In vitro analysis of BumR autophosphorylation.

In vitro autophosphorylation of BumR was analyzed by mixing 3 μg of recombinant BumR with 4 μl of 5X reaction buffer (250 mM Tris-HCl, pH 7.6, 600 mM potassium acetate, 100 mM MgCl₂, 5 mM DTT, 50% glycerol). Reactions were brought up to 20 μl with dH₂O alone or with 500 mM of lithium potassium acetyl-phosphate (Li-AcP; Sigma) or lithium carbamoyl phosphate dibasic hydrate (Li-CP; Sigma) and then incubated for 1 h at 37 °C. Samples were digested with trypsin overnight and then analyzed by short reverse-phase LC-MS/MS by the Orbitrap Fusion Lumos mass-spectrometry platform to identify peptides with phospho-aspartates. Identified peptides were analyzed by Proteome Discoverer 3.0 and searched against the C. jejuni protein database from UniProt and the BumR protein sequence. The abundance (as calculated by the sum of intensities) of each modified tryptic BumR_F50-R71 peptide that contains D58 is reported.

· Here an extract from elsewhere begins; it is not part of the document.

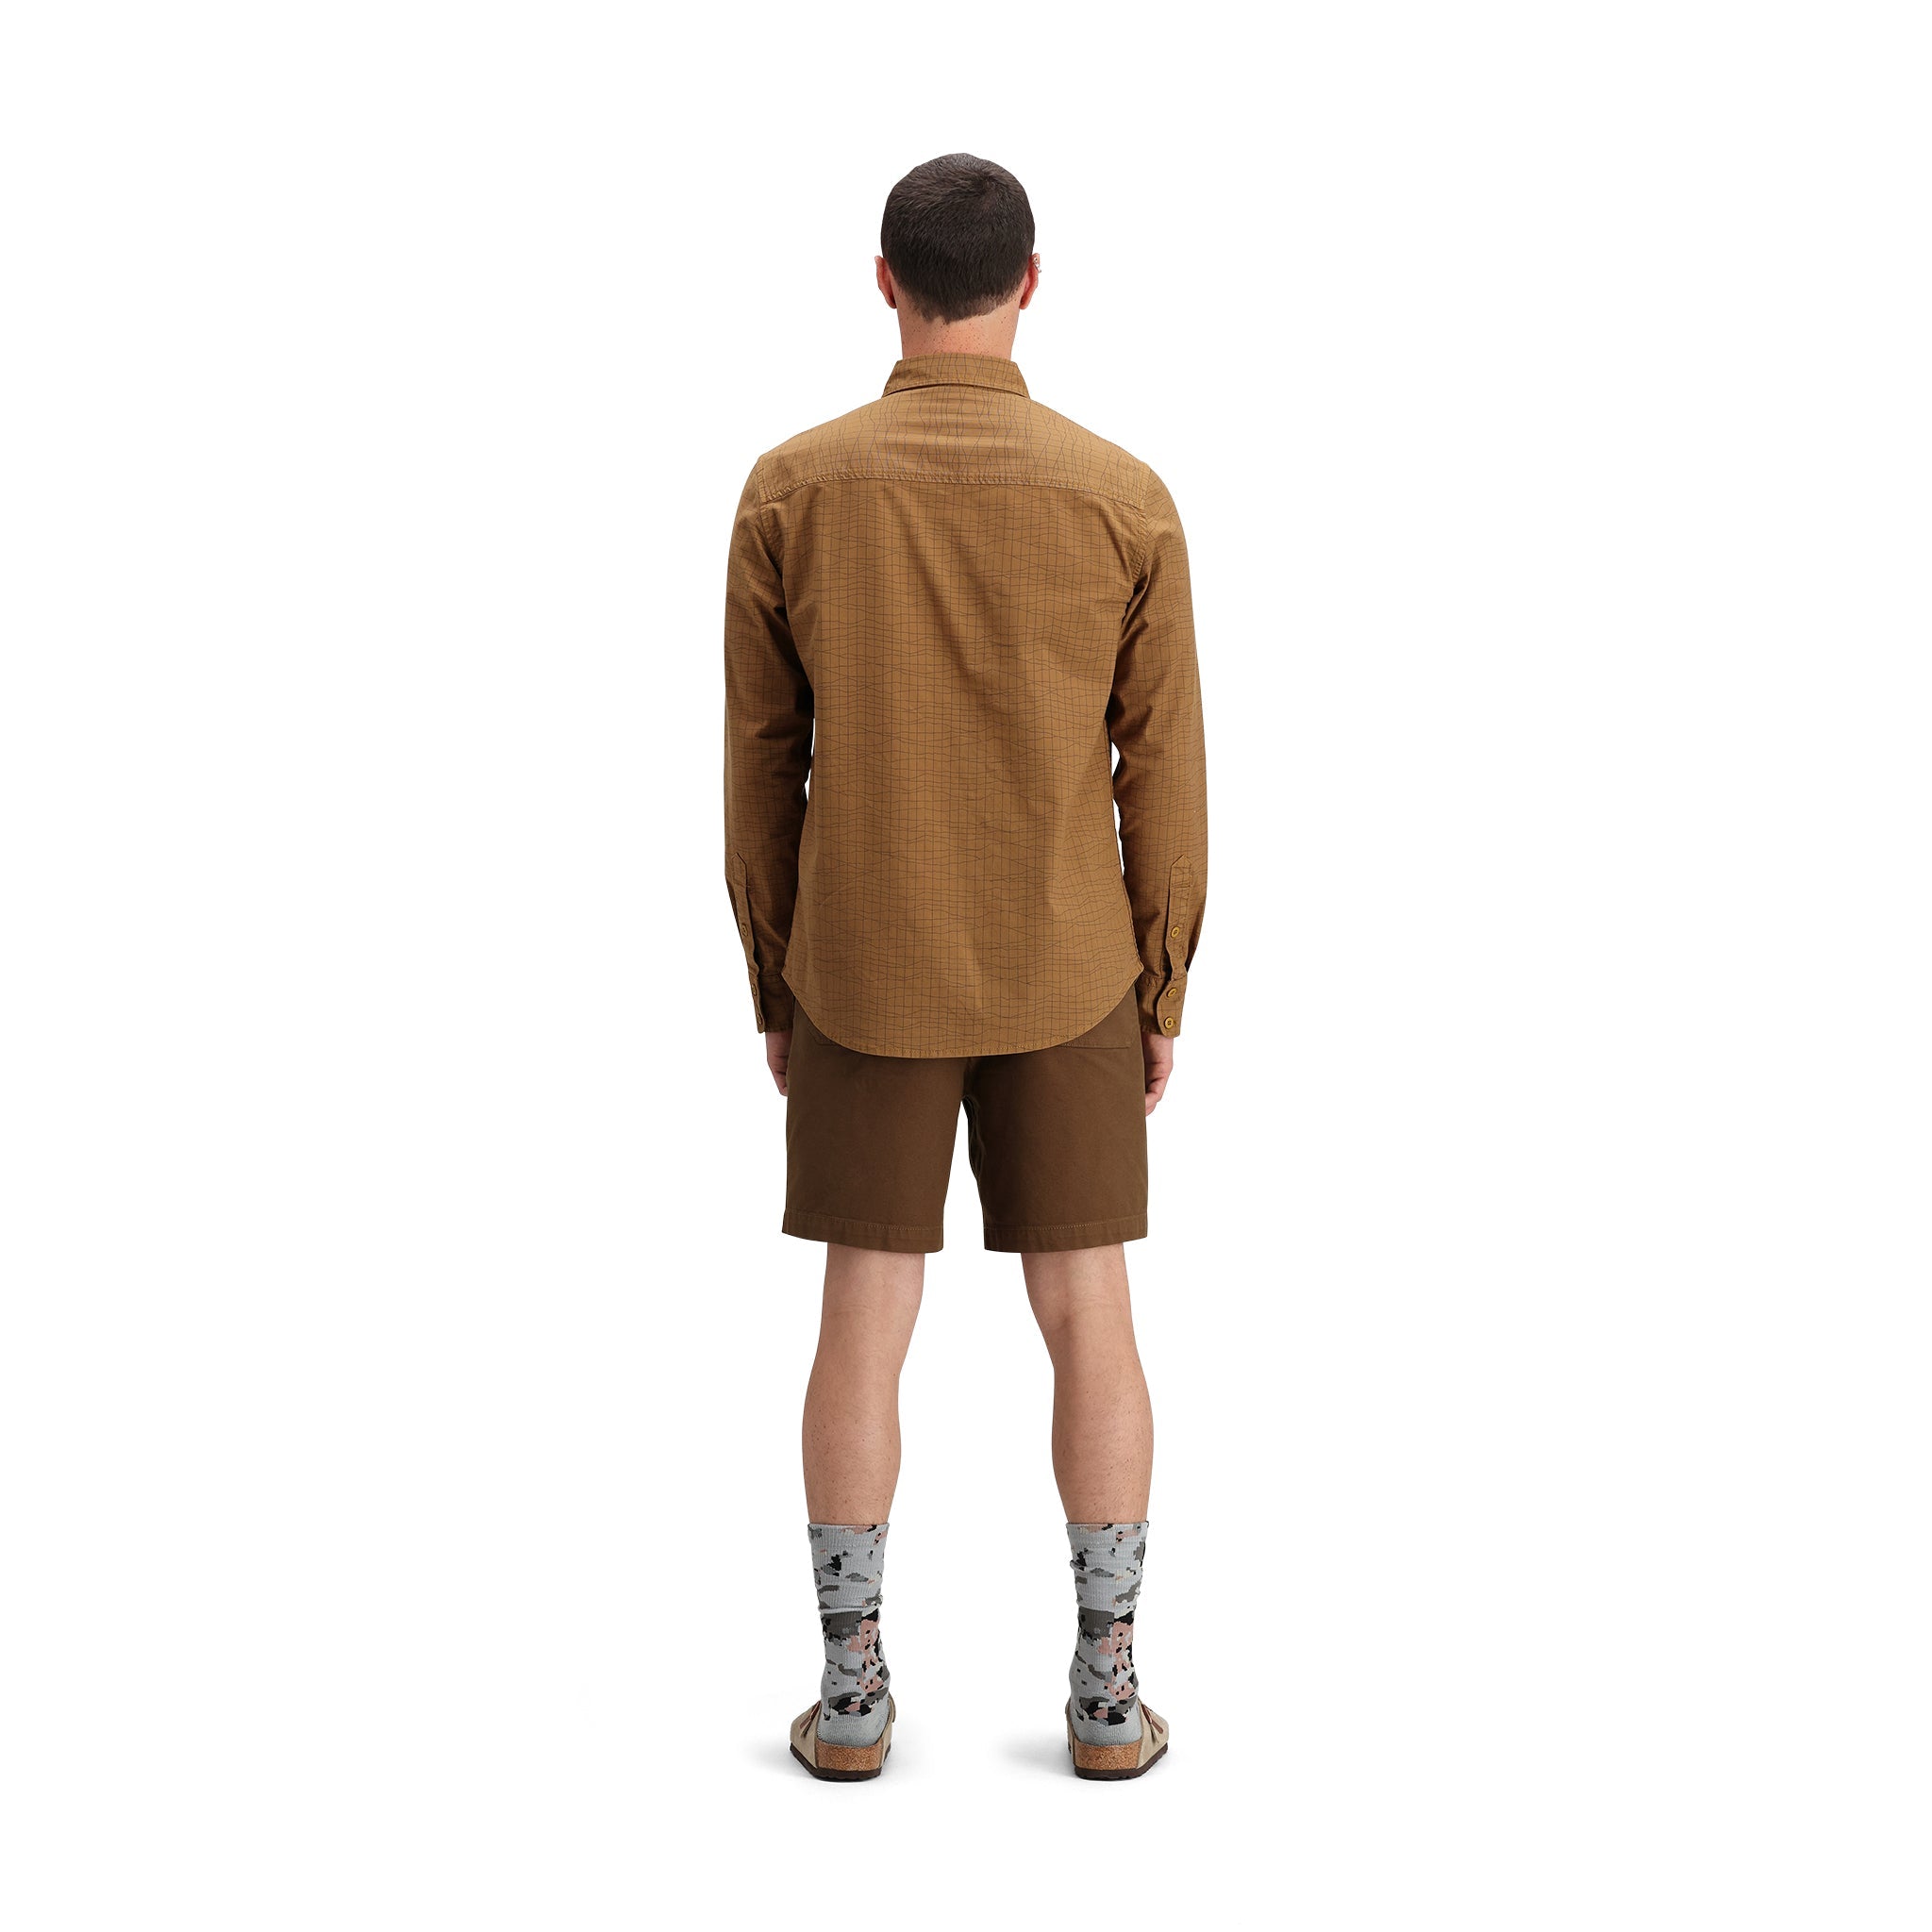 General back model shot of Topo Designs Dirt Desert Shirt - Men's  in "Dark Khaki Terrain"

Electrophoretic mobility shift assay (EMSA) to assess BumR binding to promoter DNA.

A DNA fragment containing the peb3 promoter from −286 bases upstream to +35 downstream of the start codon was amplified by PCR. EMSAs were performed based on modification of a previously published protocol (49). Briefly, 0 to 1.5 μM of WT BumR in the presence or absence of 50 mM Li-AcP or Li-CP was incubated with ³²P-labelled DNA at 42°C for 20 min as indicated. After electrophoresis of samples on 5% acrylamide gels, DNA binding by BumR was analyzed by exposure of dried gels to a Typhoon FLA 9500 phosphorimager according to manufacturer’s instructions (Amersham Biosciences).

Immunoblotting analysis of C. jejuni BumR.

After growing C. jejuni strains from frozen stocks, strains were restreaked on Brucella agar and grown for 16 h at 37 °C in microaerobic conditions. Cells were resuspended in PBS and diluted to OD₆₀₀ 0.8. For whole-cell lysates, 1 mL samples were centrifuged and washed once with 1 mL of PBS. Pellets were resuspended in 50 μl of 1x Laemmli buffer with 5% BME and boiled for 10 min. For detection of BumR, 7.5 μl of whole-cell lysate were separated on a 4-20% TGX gradient gels (Bio-Rad). For detection of RpoA, 12.5 μL of whole-cell lysate were separated similarly. Immunoblots were developed by first applying a 1:2000 dilution of M166 murine antisera for BumR and 1:2000 dilution of GP275 guinea pig antisera for RpoA to membranes for 2 h (49, 66). Appropriate horseradish peroxidase-conjugated goat antibodies at 1:5000 dilution were used as secondary antisera. Immunoblots were developed with a Western Lightning Plus ECL kit (Revvity) and imaged using the Bio-Rad ChemiDoc system.

Significance.

Bacterial TCSs are information-processing networks usually linking cue detection by sensor kinases to phosphorylation of response regulators to alter behavior. For Campylobacter jejuni BumSR, the BumS sensor functions only as a phosphatase, requiring the BumR response regulator to use non-cognate phosphodonor(s) to form P-BumR. We discovered that C. jejuni exploits AcP and CP from amino acid metabolism as in vivo BumR phosphodonors to expand types of cues processed by BumSR. BumS sensing gut metabolites and BumR sensing AcP and CP simultaneously inform about geographical locations and nutrient richness within intestinal niches for optimal colonization. Our findings may suggest how other sensor phosphatase-driven TCSs and orphan response regulators can use non-cognate phosphodonors to convey cellular and environmental information for signal transduction.

Data availability.

All protocols and data discussed in the paper are available in the main text and SI Appendix. All strains and plasmids generated in this report will be made promptly available to readers.